Although multiple exception conditions can map to a single exception vector, a more specific condition may 
be determined by examining a register associated with the exception—for example, the DSISR and the 
FPSCR. Additionally, specific exception conditions can be explicitly enabled or disabled by software. 


The PowerPC architecture requires that exceptions be handled in program order; therefore, although a 
particular PowerPC processor may recognize exception conditions out of order, exceptions are handled 
strictly in order. When an instruction-caused exception is recognized, any unexecuted instructions that 
appear earlier in the instruction stream, including any that have not yet entered the execute state, are required 
to complete before the exception is taken. Any exceptions caused by those instructions must be handled first. 
Likewise, exceptions that are asynchronous and precise are recognized when they occur (unless they are 
masked), but the processor gradually powered down, and the reorder buffer is drained. The address of the 
next sequential instruction is saved in SRRO so execution can resume in the correct context when the 
exception handler returns control to the interrupted process. 

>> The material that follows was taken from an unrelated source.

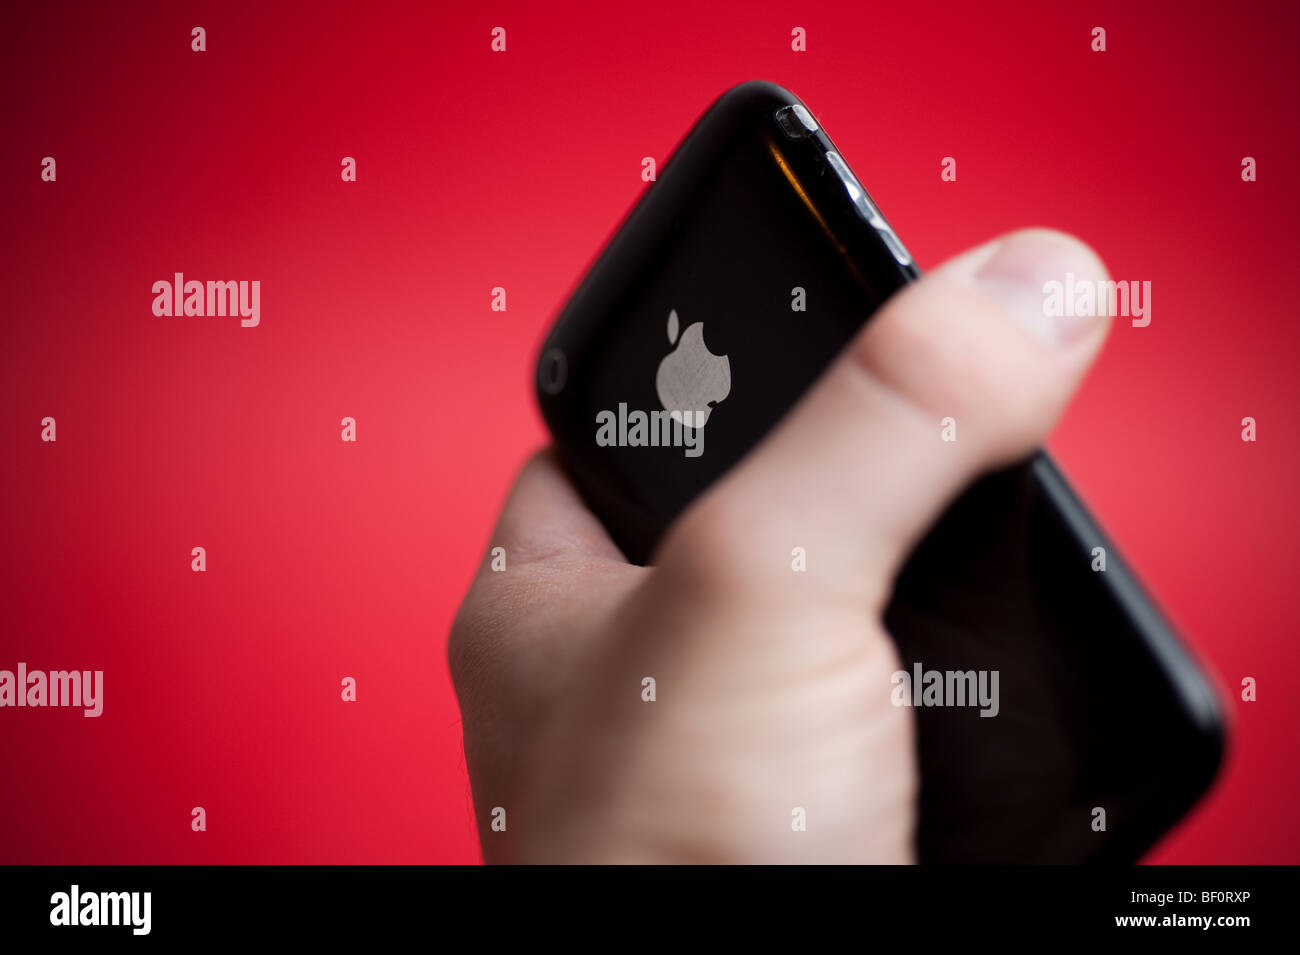 A black Apple iPhone 3G hand held in front of a red background. Stock Photo

Unless a catastrophic condition causes a system reset or machine check exception, only one exception is 
handled at a time. If, for example, a single instruction encounters multiple exception conditions, those 
conditions are encountered sequentially. After the exception handler handles an exception, the instruction 
execution continues until the next exception condition is encountered. This method of recognizing and 
handling exception conditions sequentially guarantees that exceptions are recoverable. 


Exception handlers should save the information stored in SRRO and SRR1 early to prevent the program state 
from being lost due to a system reset or machine check exception or to an instruction-caused exception in 
the exception handler. 


The PowerPC architecture supports four types of exceptions: 


e Synchronous, precise—These are caused by instructions. All instruction-caused exceptions are 
handled precisely; that is, the machine state at the time the exception occurs is known and can be 
completely restored. 


e Synchronous, imprecise—The PowerPC architecture defines two imprecise floating-point 
exception modes, recoverable and nonrecoverable. The 604 implements only the imprecise 
nonrecoverable mode. The imprecise, recoverable mode is treated as the precise mode in the 604. 


¢ Asynchronous—The OEA portion of the PowerPC architecture defines two types of asynchronous 
exceptions: 


— Asynchronous, maskable—The PowerPC architecture defines the external interrupt and 
decrementer interrupt which are maskable and asynchronous exceptions. In the 604, and in 
many PowerPC processors, the hardware interrupt is generated by the assertion of the Interrupt 
(INT) signal, which is not defined by the architecture. In addition, the 604 implements one 
additional interrupt, the system management interrupt, which performs similarly to the external 
interrupt, and is generated by the assertion of the System Management Interrupt (SMI) signal. 


When these exceptions occur, their handling is postponed until all instructions, and any 
exceptions associated with those instructions, complete execution. 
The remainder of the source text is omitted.